## TASK GOAL
Line by line, repeat the material below exactly and leave the images out.

## DATASET EXTRACT
■ ■ ■ ■

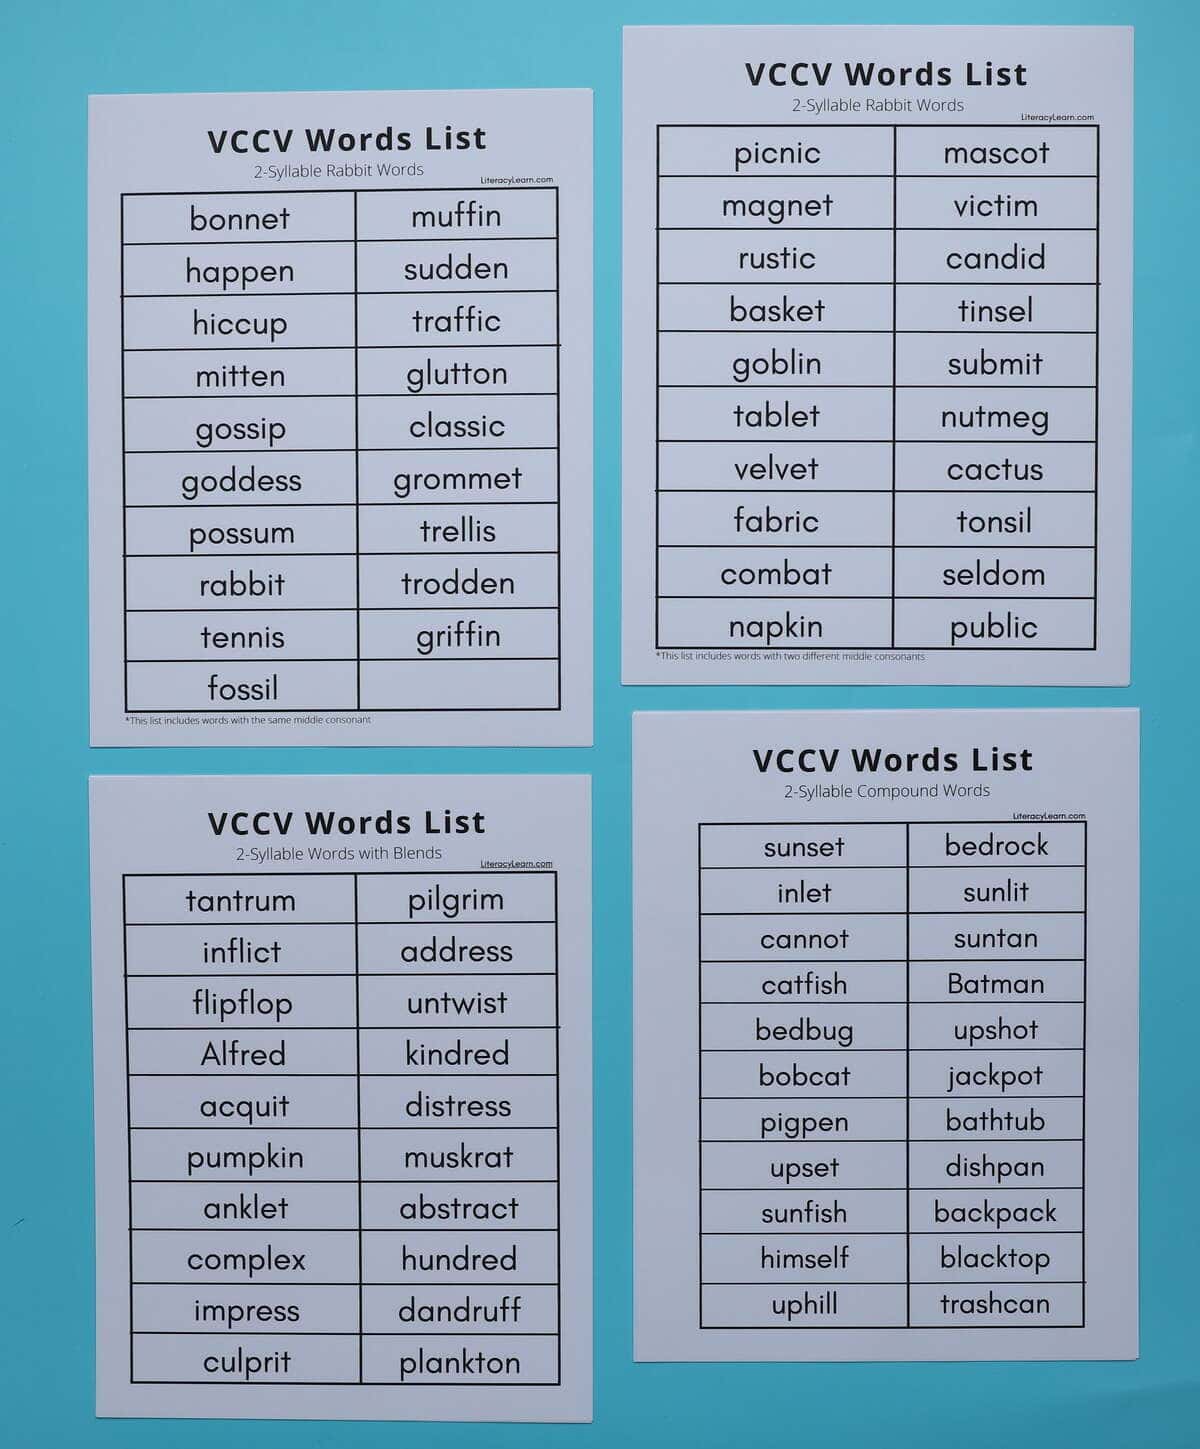 Four printed VCCV (Rabbit) Words lists on a blue background.
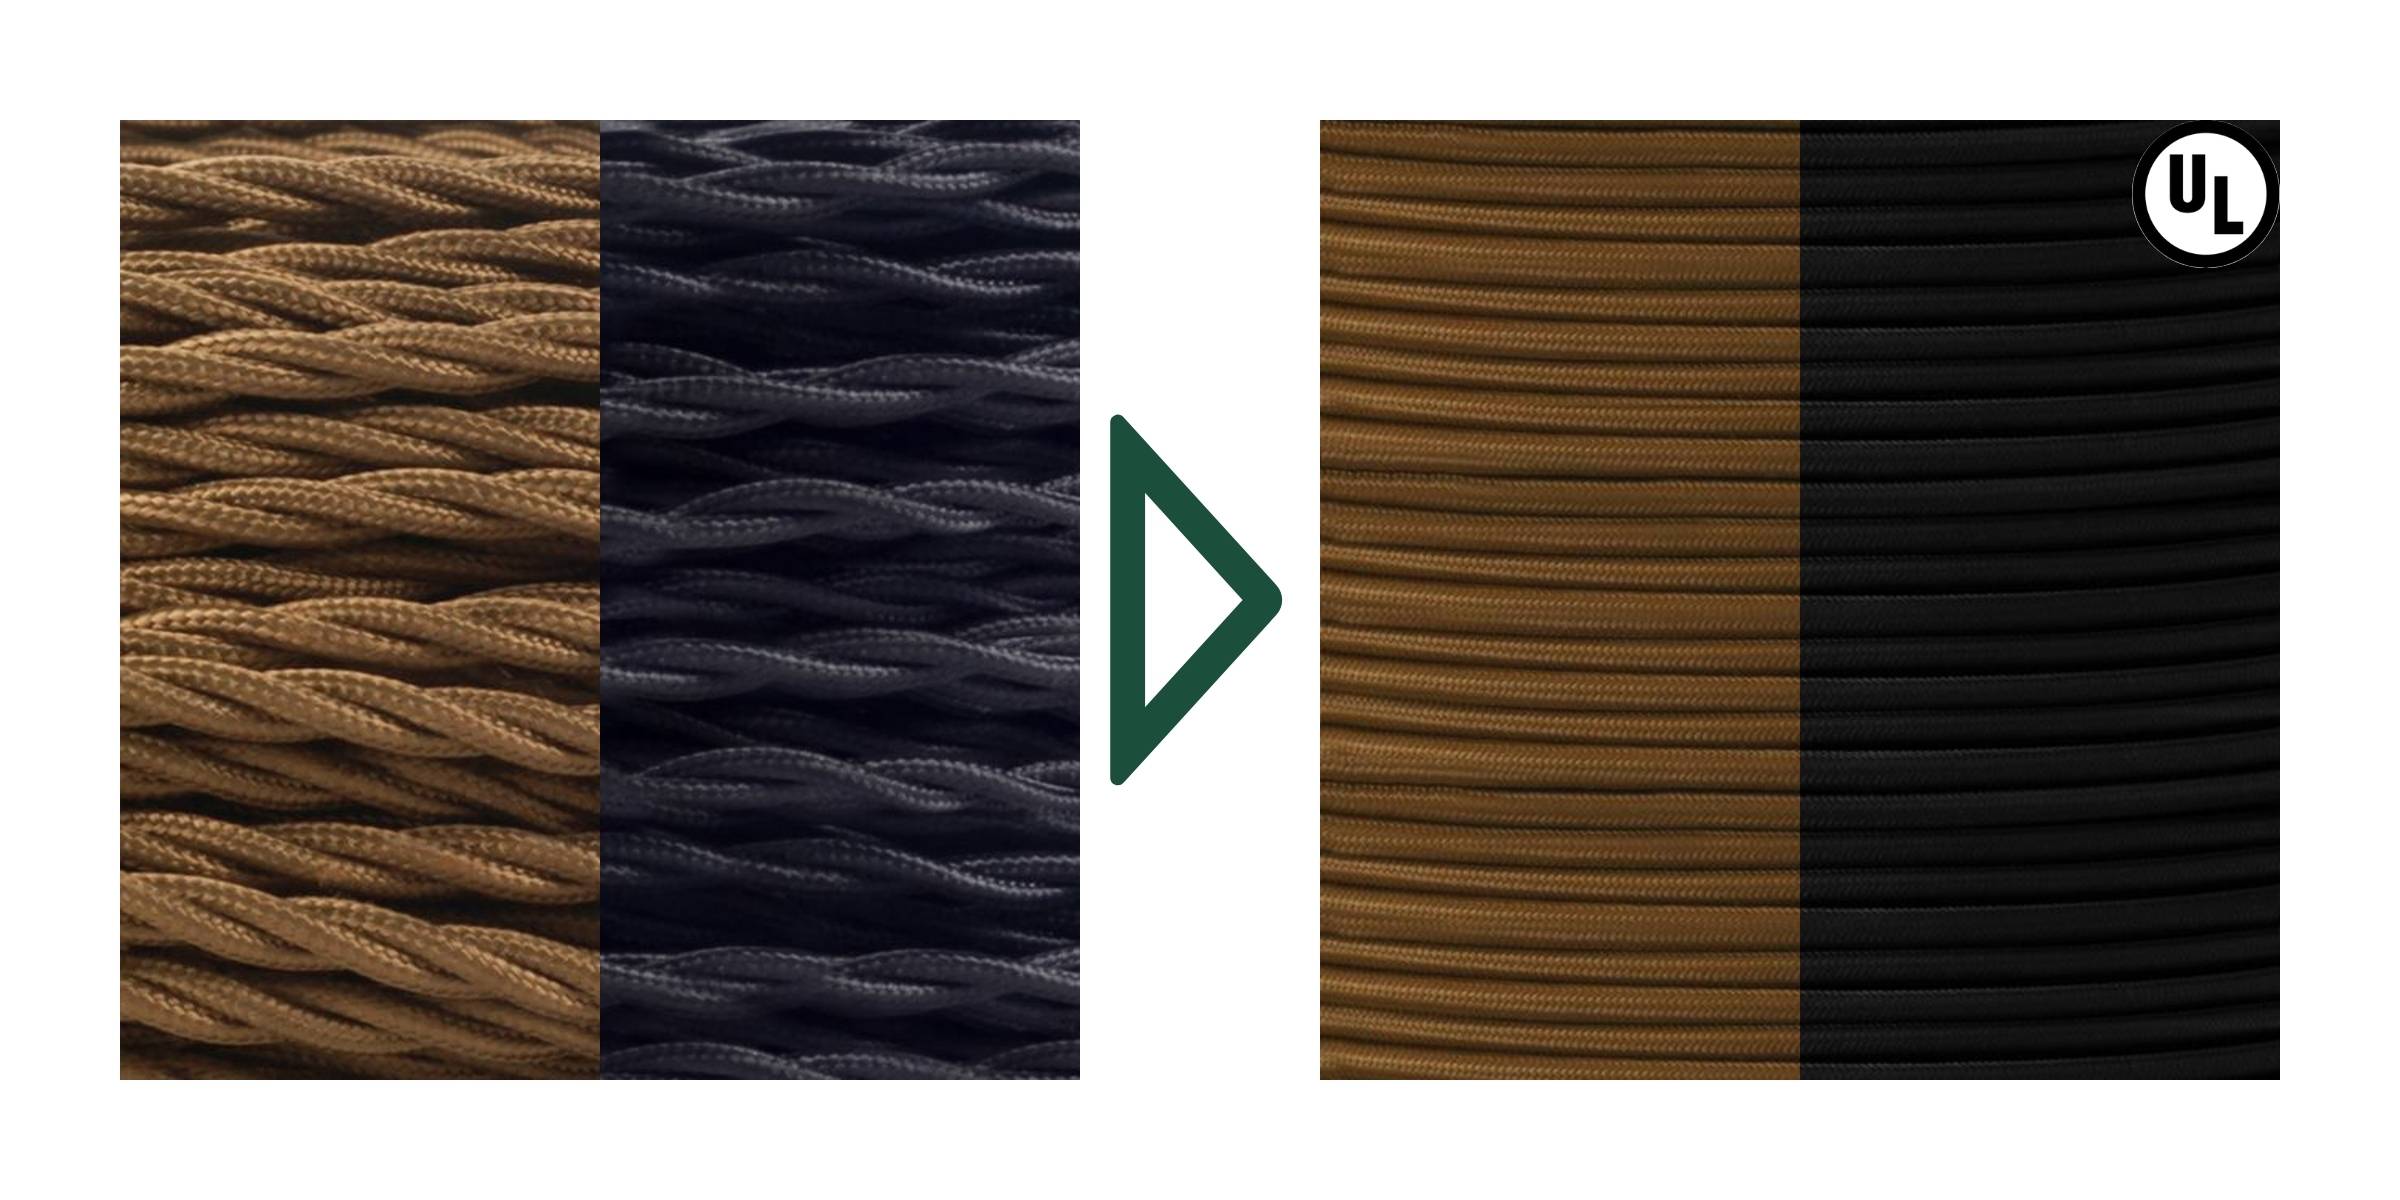 Twisted cables are replaced with brown or black braided round cable.
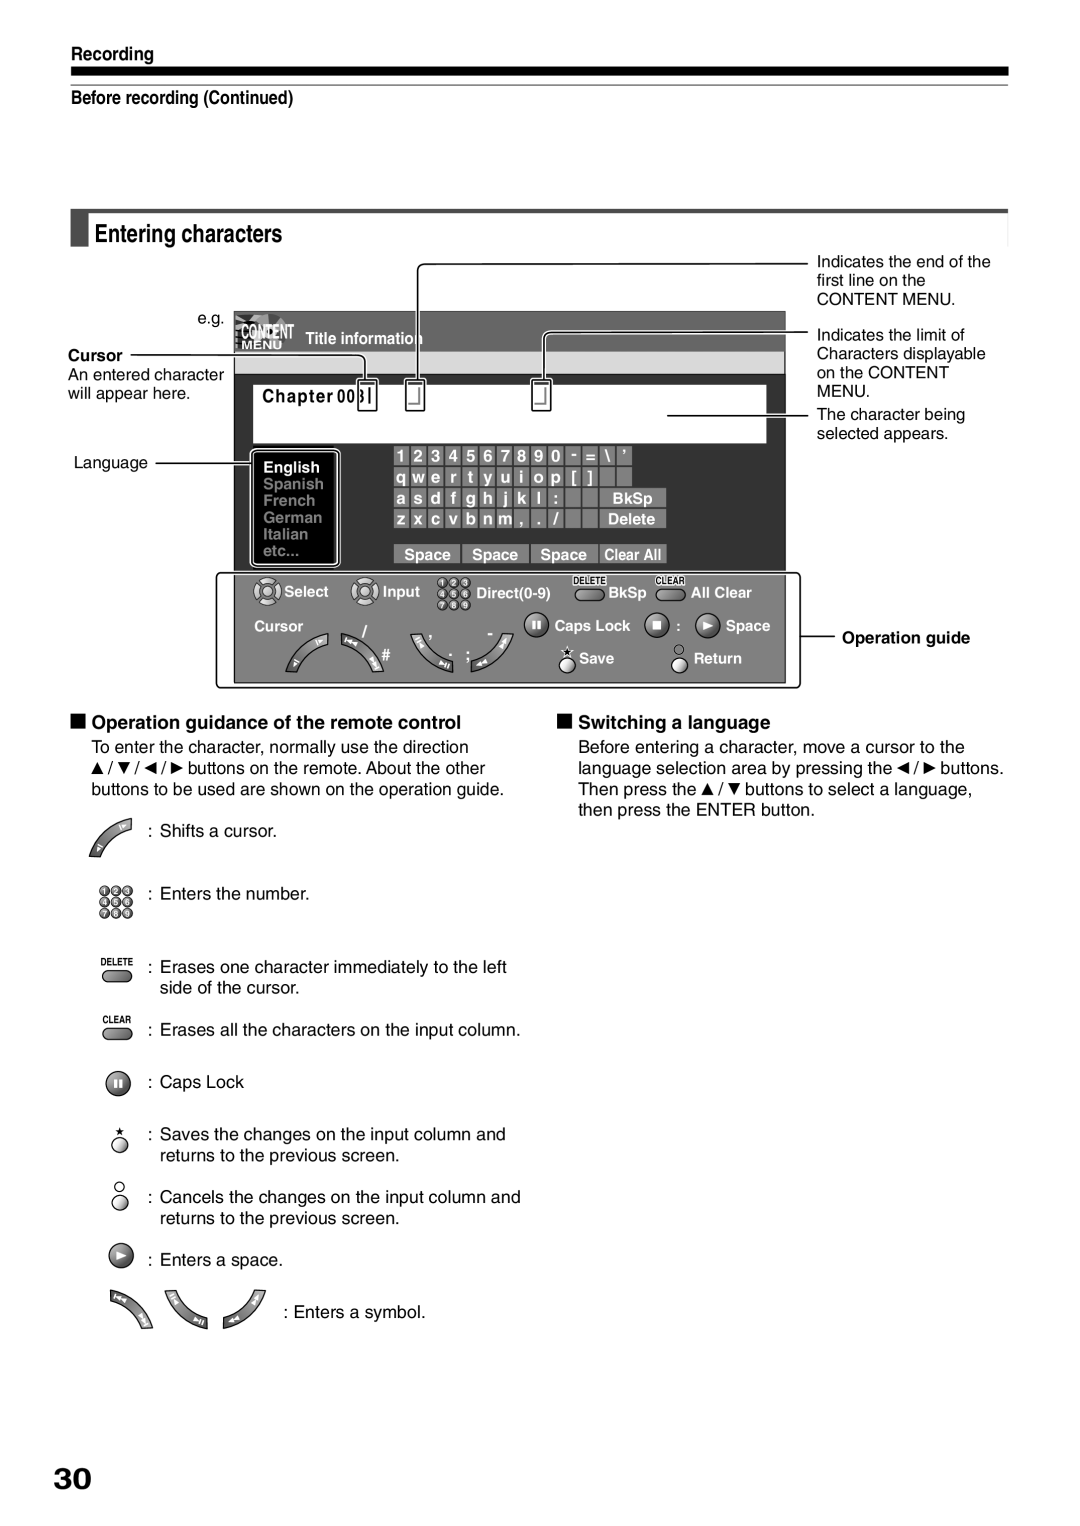 Toshiba RD-XS32SC, RD-XS32SU Entering characters, Operation guidance of the remote control, Switching a language

■ ■ ■ ■

## EXPECTED OUTPUT
 Four printed VCCV (Rabbit) Words lists on a blue background.
 Twisted cables are replaced with brown or black braided round cable.
 Toshiba RD-XS32SC, RD-XS32SU Entering characters, Operation guidance of the remote control, Switching a language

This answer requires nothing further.